What’s an e-mail address, a phone number, a social graph, an image, a podcast…I’m not entirely sure. I wouldn’t be blogging this if I had all the answers. Once we agree on definitions, we can then start categorising them and applying a criteria.

3) Ownership:

Here is something Steve Greenberg explained to me

- Ownership is relevant when there is scarcity.
- Ownership is the ability to deny someone else’s use of the asset.
- So, if data is shared and publicly available, it is a practical impossibility for me to deny use
- and if data is available in a form where I can’t control others’ use of it, I can not really claim to own it

Nitin Borwankar has a very different argument: you should have ownership based on property rights. He explained that to me here .

4) Rights over data

I personally think no one owns data (which is inspired by the definition of data being inherently meaningless); instead you own things further down the value chain when that data becomes something with value. You own your overall blog posts - but not the words.

But again, this goes back to what is data?

7 Responses to “What is data?”


  1. 1 Alex Schleber

    Elias,

    I appreciate that you brought some much needed depth to the discussion, when a lot of it appeared to be posturing and chest-thumping especially by Arrington.
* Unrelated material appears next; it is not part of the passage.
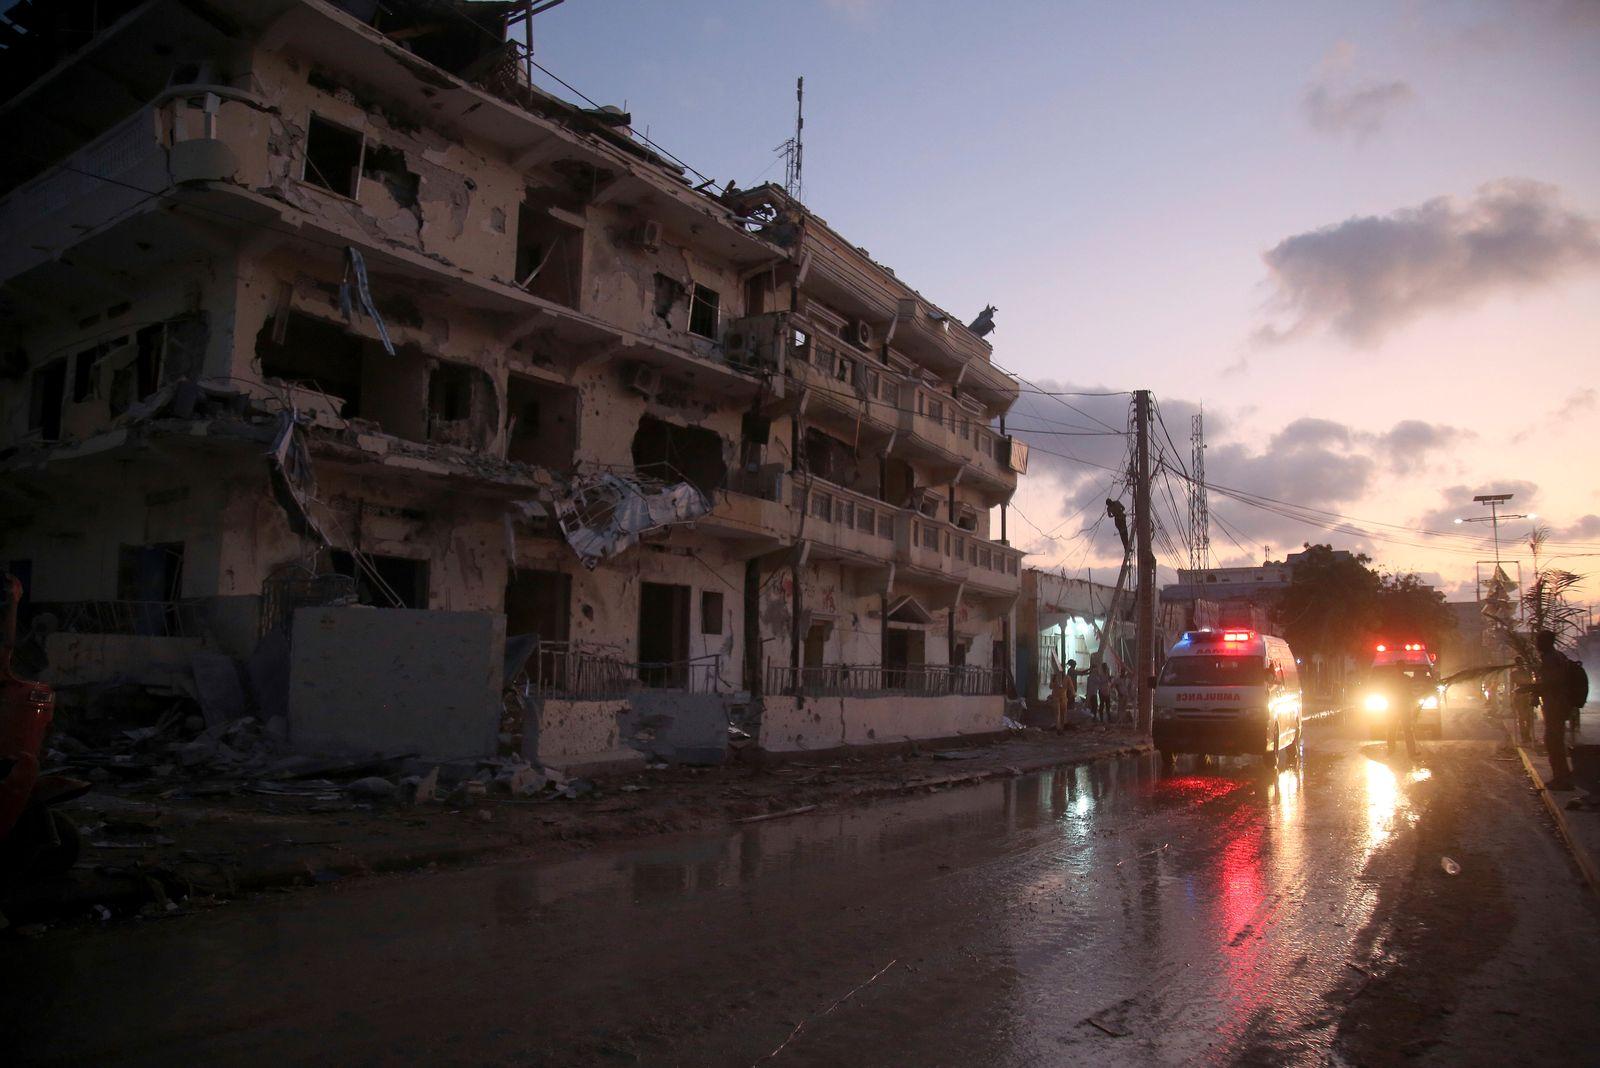 Bomb-laden vehicle attack in Somalia

    As far as rights and ownership, never forget that “possession is 9/10 of the law”… :) You are right that it is next to impossible to make a strong claim for data ownership.

    As for emails addresses, it is in the very nature of the internet to not have any scarcity of them or any other data/information item for that matter (only thing we are running short on are IP addresses, IPv6 will solve that permanently, with enough IPs for every “thing” in the world and then some).

    If you have a hosting account with your own domain and add-on domains, and have access to domain-wide email-forward with a wildcard(*) you can with a few keystrokes implicitly create an INFINITE number of email addresses… only thing that matters though is if you check the account that you forward them to in an email client, asf.

    But in a real sense anyone can now type any possible combination of letters/numbers in front of @yourdomain.com and get the email to you. Food for thought.

    You could give each of your friends a different email address (elias1@, elias2@, asf.) and then be able to tell who “compromised” your email address e.g. by using it in an openly visible CC: recipient list. You could turn each of those off at the hosting level or filter at the email client level.

    I know a guy who has 40,000+ social bookmarking accounts that he uses for gray-hat SEO… who owns those accounts? Does it matter as long as the services cannot tell these are all him due to defensive measures such as proxy plugins in Firefox, cleaning out cookies, etc. Until they can detect and delete, or the service goes out of business they are his to use I presume.

    Possession…

  2. 2 Elias Bizannes

    Good comment Alex, thanks.

    My perspective is that it’s not about owning the data, it’s who gets the economic benefits. Your point about possession has got me thinking, but let me extend it with an applied example (the e-mail address that Scoble loves).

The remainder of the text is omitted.